So I have some questions concerning this example:
Why is a lambda function implicitly convertible to bool in the first place?
Why does taking a std::function reference solve the ambiguity?
And most important to me, how can I avoid this problem? I need the second function to take either a (copy of a) std::function or a const reference to it.
A lambda function with no capture can be converted to a regular function pointer, which then has a standard conversion to a bool.
If you take the std::function by non-const reference, then that eliminates it as a candidate, since converting the lambda to a std::function requires a temporary, and a temporary cannot bind to a non-const reference. That just leaves f(bool) as a candidate, so there is no ambiguity.

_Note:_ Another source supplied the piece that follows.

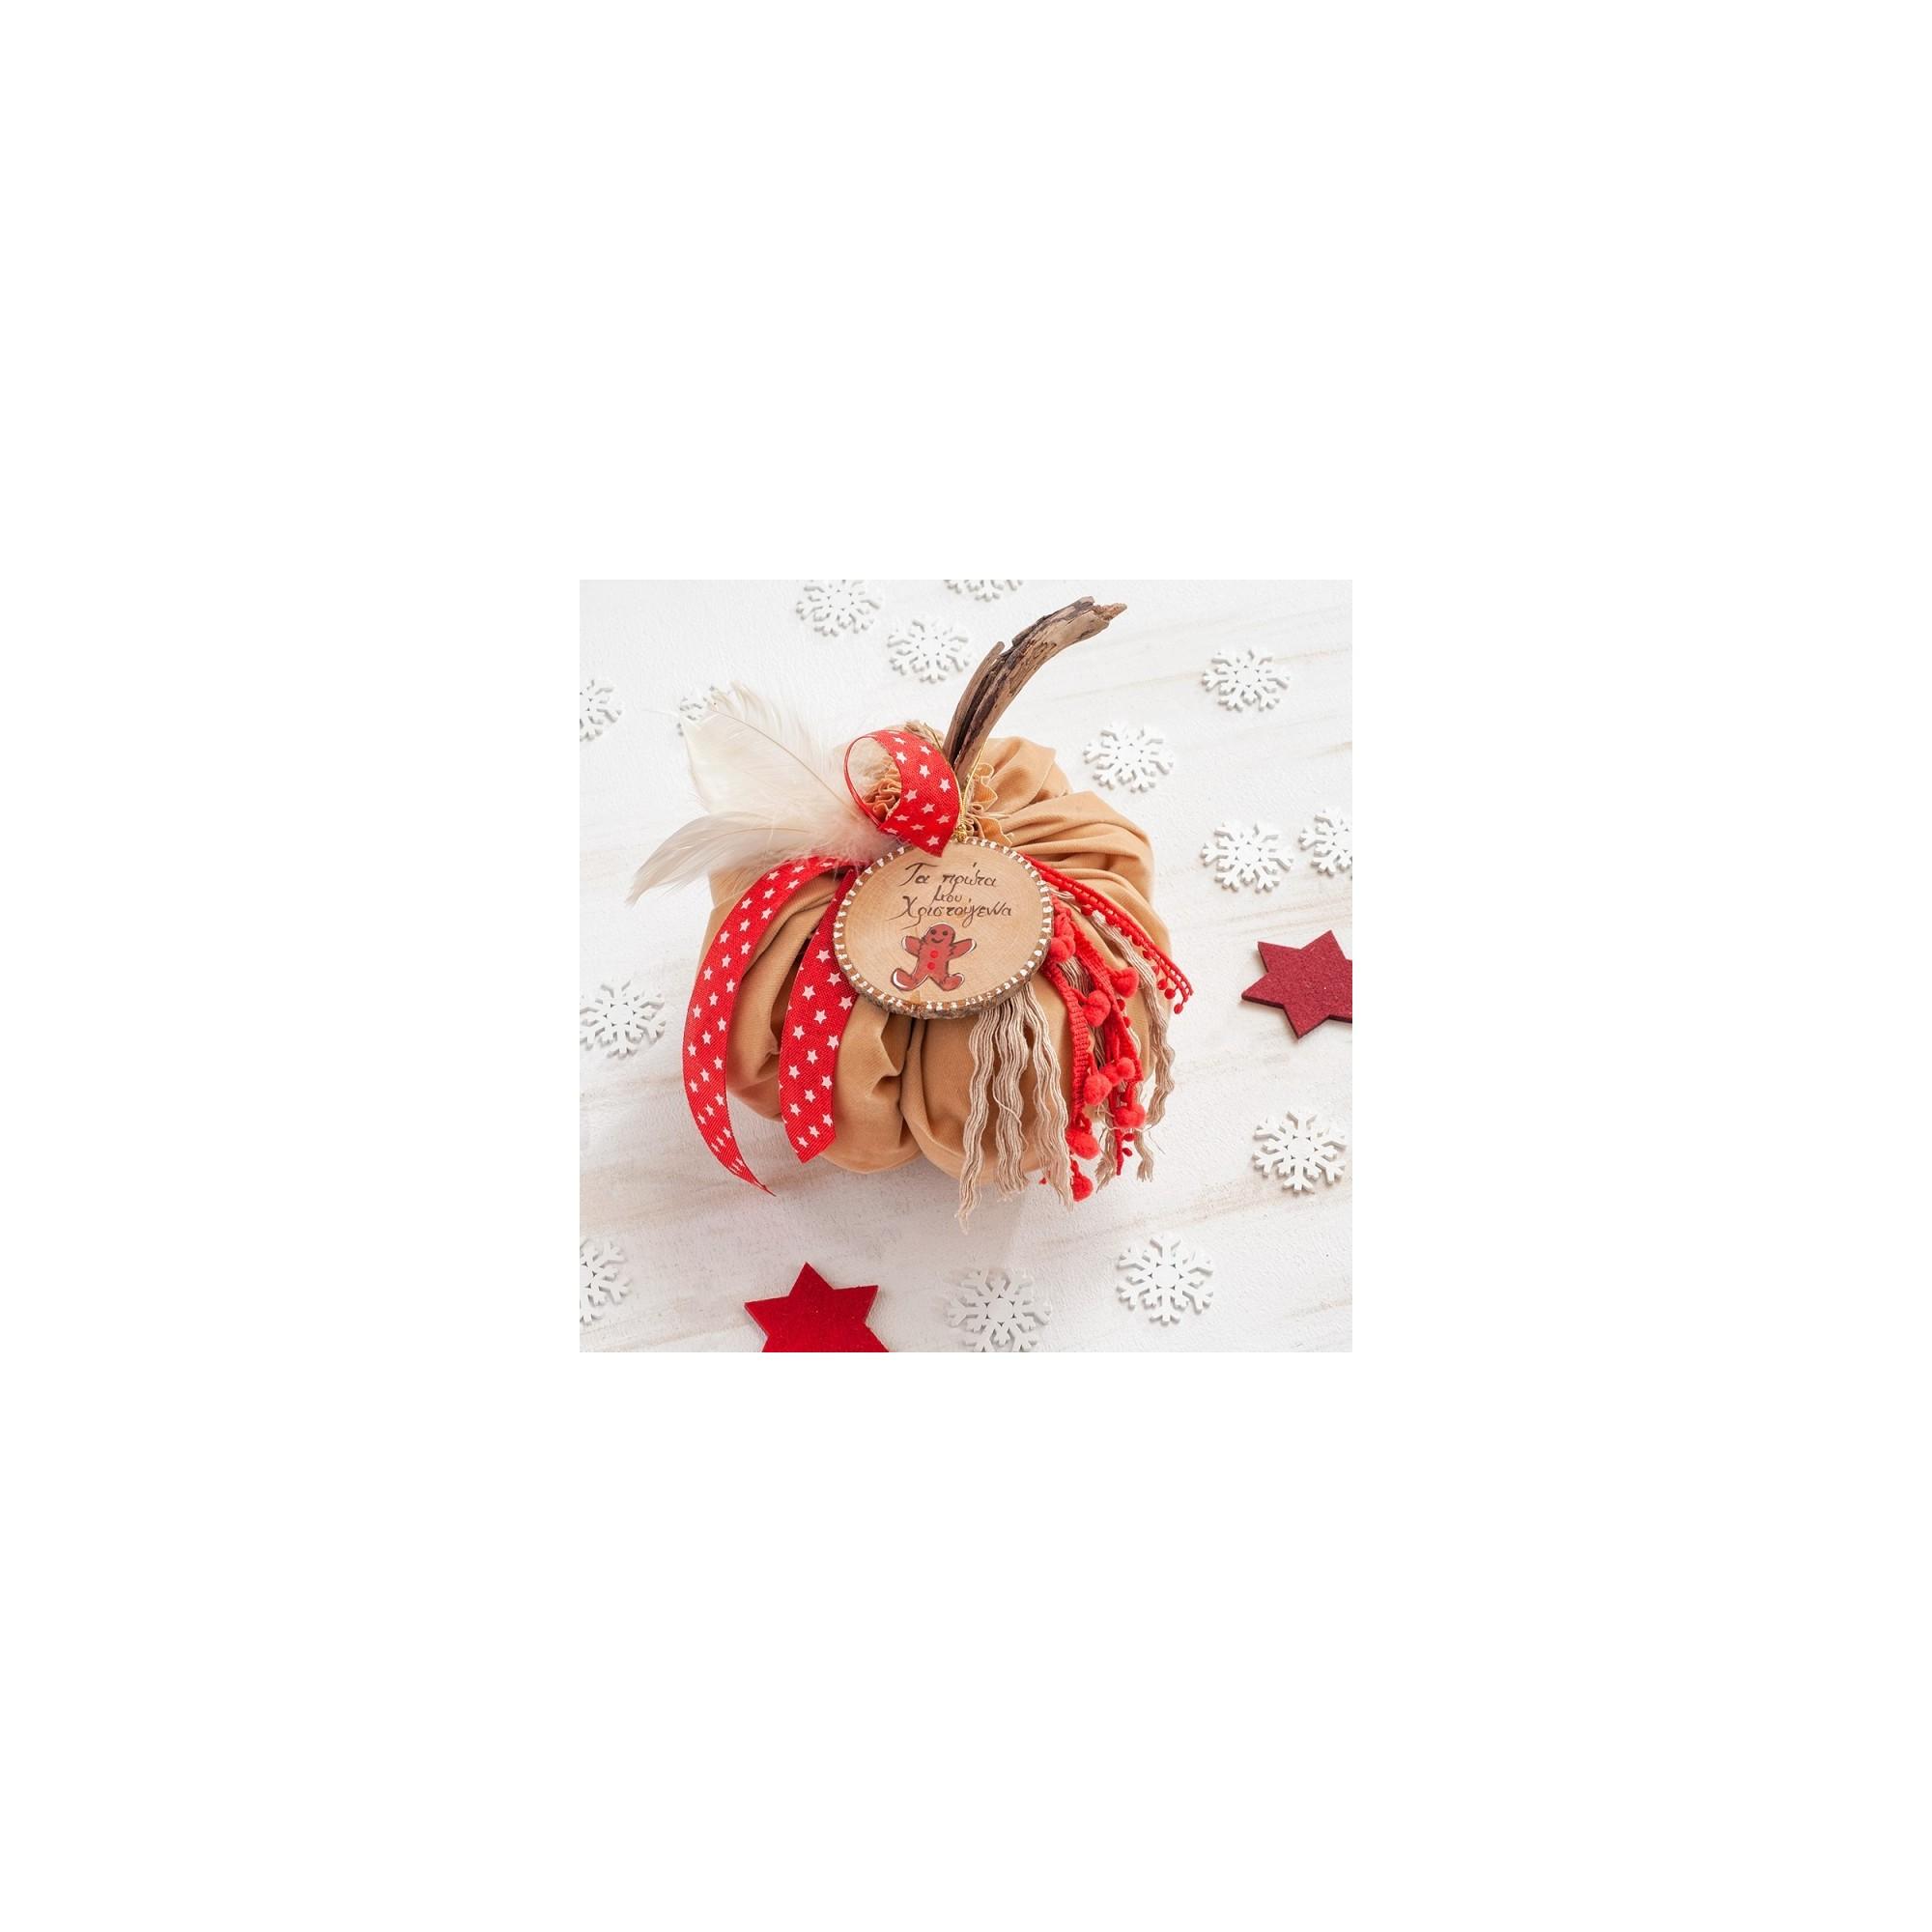 Χριστουγεννιάτικη Διακοσμητική κολοκύθα - PAR-14798

There are many ways you could avoid the ambiguity. For example, you could create a std::function variable first:
std::function<double(int)> g = [](int _idx){ return 7.9;};
f(g);
or you could cast the lambda:
f(std::function<double(int)>([](int _idx){return 7.9;}));
You could have a helper function:
template<typename T>
std::function<T> make_function(T *f) { return {f}; }
int main ( int argc, char* argv[] ) {
f(make_function([](int _idx){ return 7.9;}));
return 0;
}
or you could grab the particular function you are interested in:
int main ( int argc, char* argv[] ) {
void (*f_func)(std::function<double(int)>) = f;
f_func([](int _idx){ return 7.9;});
return 0;
}
namespace details{
template<class Sig,class=void>
struct invoke {};
template<class F, class...Args>
struct invoke<F(Args...),decltype(void(
std::declval<F>()(std::declval<Args>()...)
))>{
using type=decltype(std::declval<F>()(std::declval<Args>()...));
};
}
template<class Sig>struct invoke:details::invoke<Sig>{};
template<typename Sig, typename T, typename=void>
struct invoke_test:std::false_type {};
template<typename R, typename...Args, typename T>
struct invoke_test<R(Args...), T,
typename std::enable_if<
std::is_convertible<
typename invoke<T(Args...)>::type,
R
>::value
>::type
>:std::true_type {};
template<typename...Args,typename T>
struct invoke_test<void(Args...),T,
decltype( void( typename invoke<T(Args...)>::type ) )
>:std::true_type{};
template<typename Sig, typename T>
constexpr bool invokable() {
return invoke_test<Sig,T>::value;
}
this gives us a pseudo-concept invokable.
We can then use it like:
template<typename F>
typename std::enable_if<invokable<double(int),F>()>::type
f(F&&){
std::cout << "can be invoked\n";
}
void f(bool) {
std::cout << "is bool\n";
}
and bob is your uncle.
The real problem is that std::function<double(int)> 's constructor does not do a similar test, and instead claims (falsely) that it can be constructed from anything at all. This is a flaw in the standard, one I suspect will be fixed once concepts are standardized.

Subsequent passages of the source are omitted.